__Your goal__: Please transcribe only the lines from the one holding "Perché le foglie" through the final line of the data, both included, with no pictures.

__Input data__:
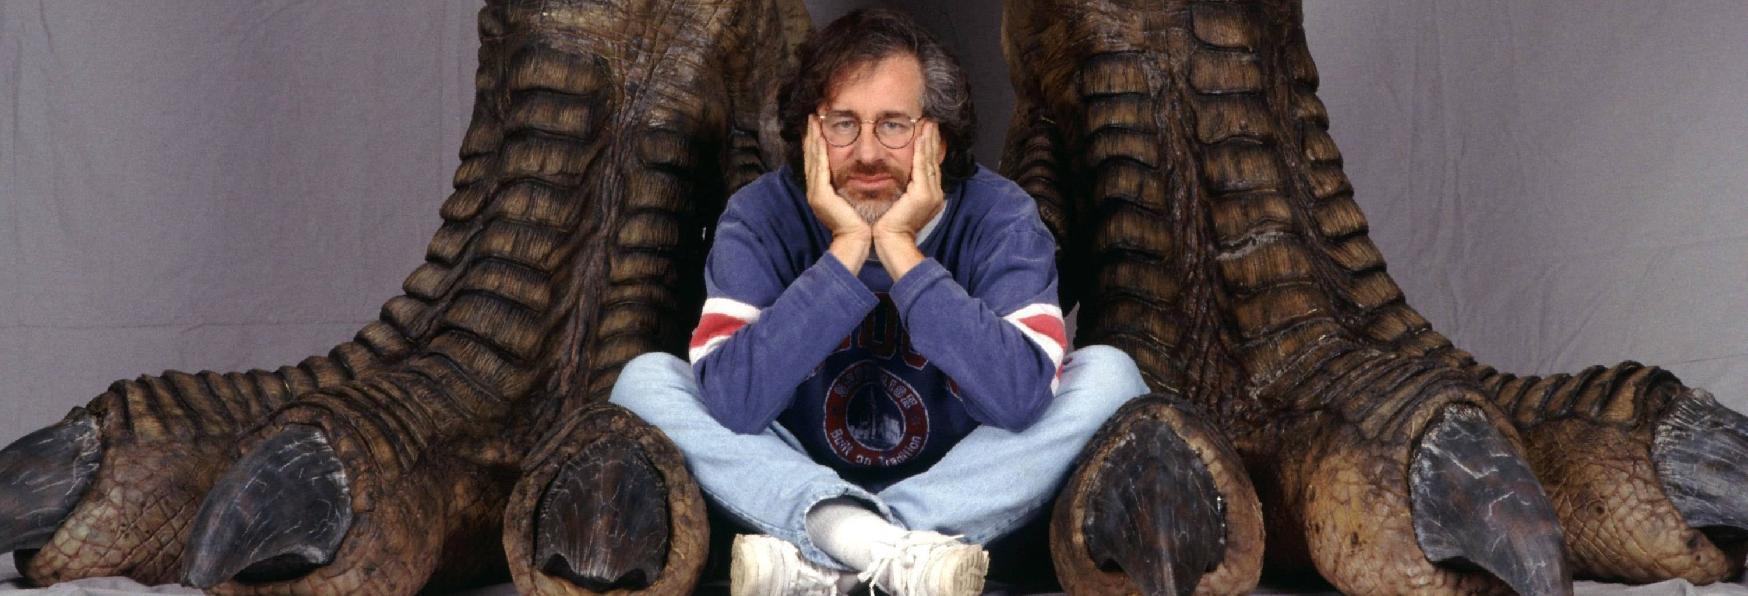 Steven Spielberg starebbe scrivendo una nuova Serie TV per la Piattaforma Quibi
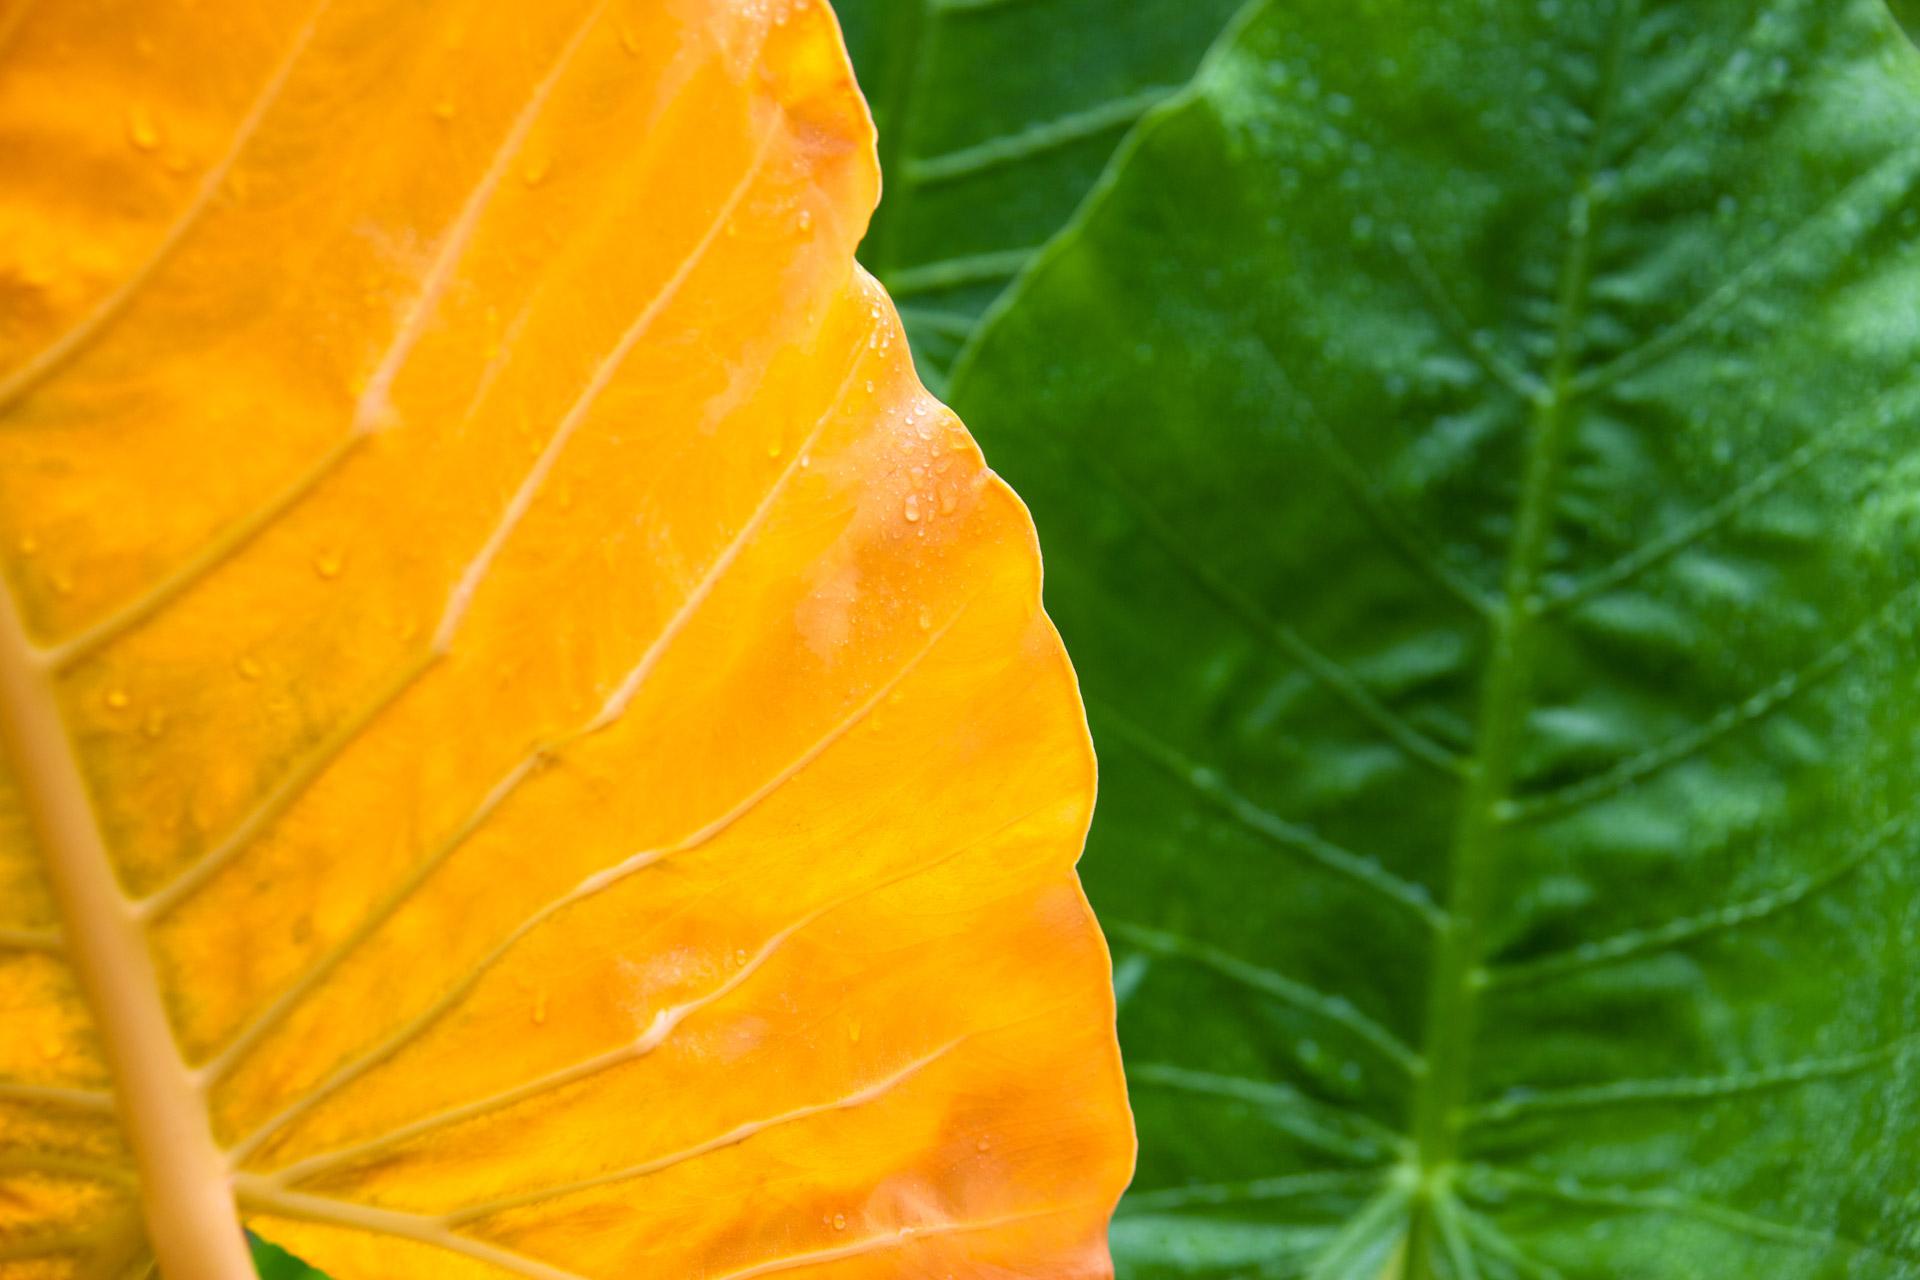 Perché le foglie della mia pianta diventano gialle
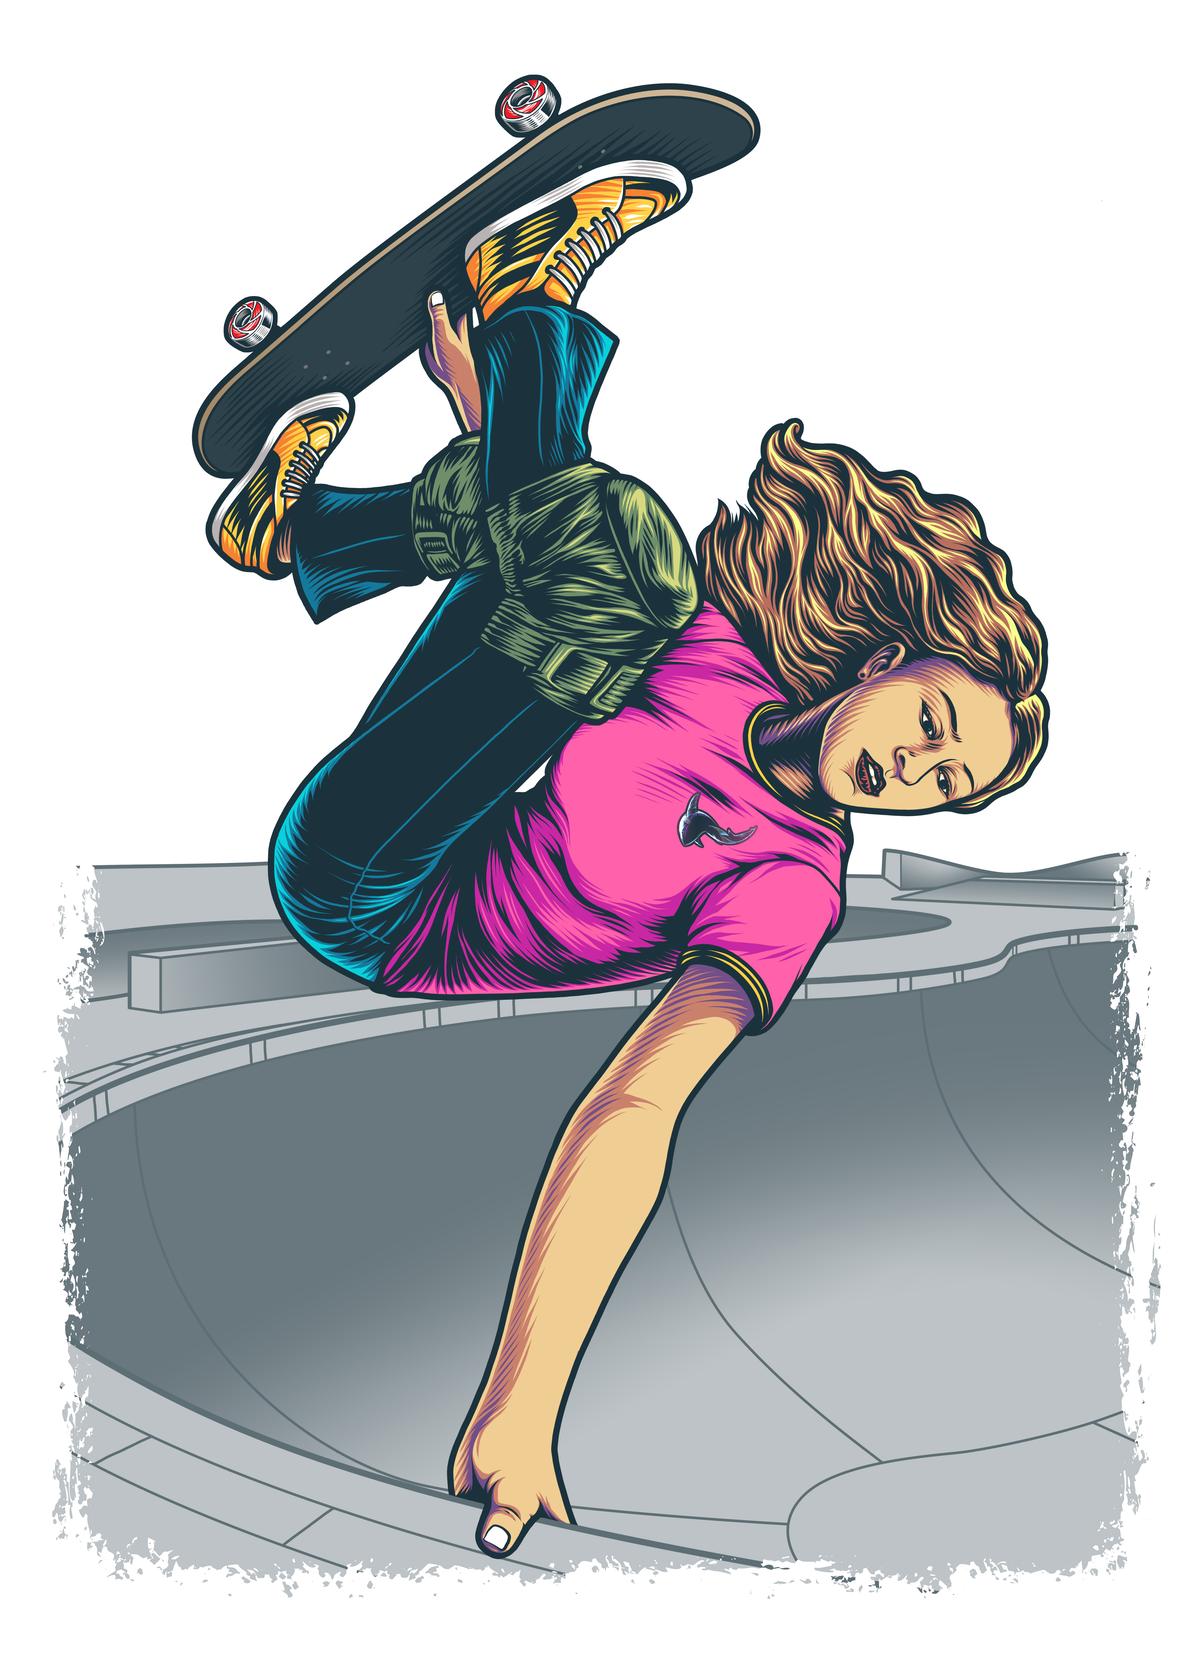 Skate logo for t-shirt

__Finished task__:
 Perché le foglie della mia pianta diventano gialle
 Skate logo for t-shirt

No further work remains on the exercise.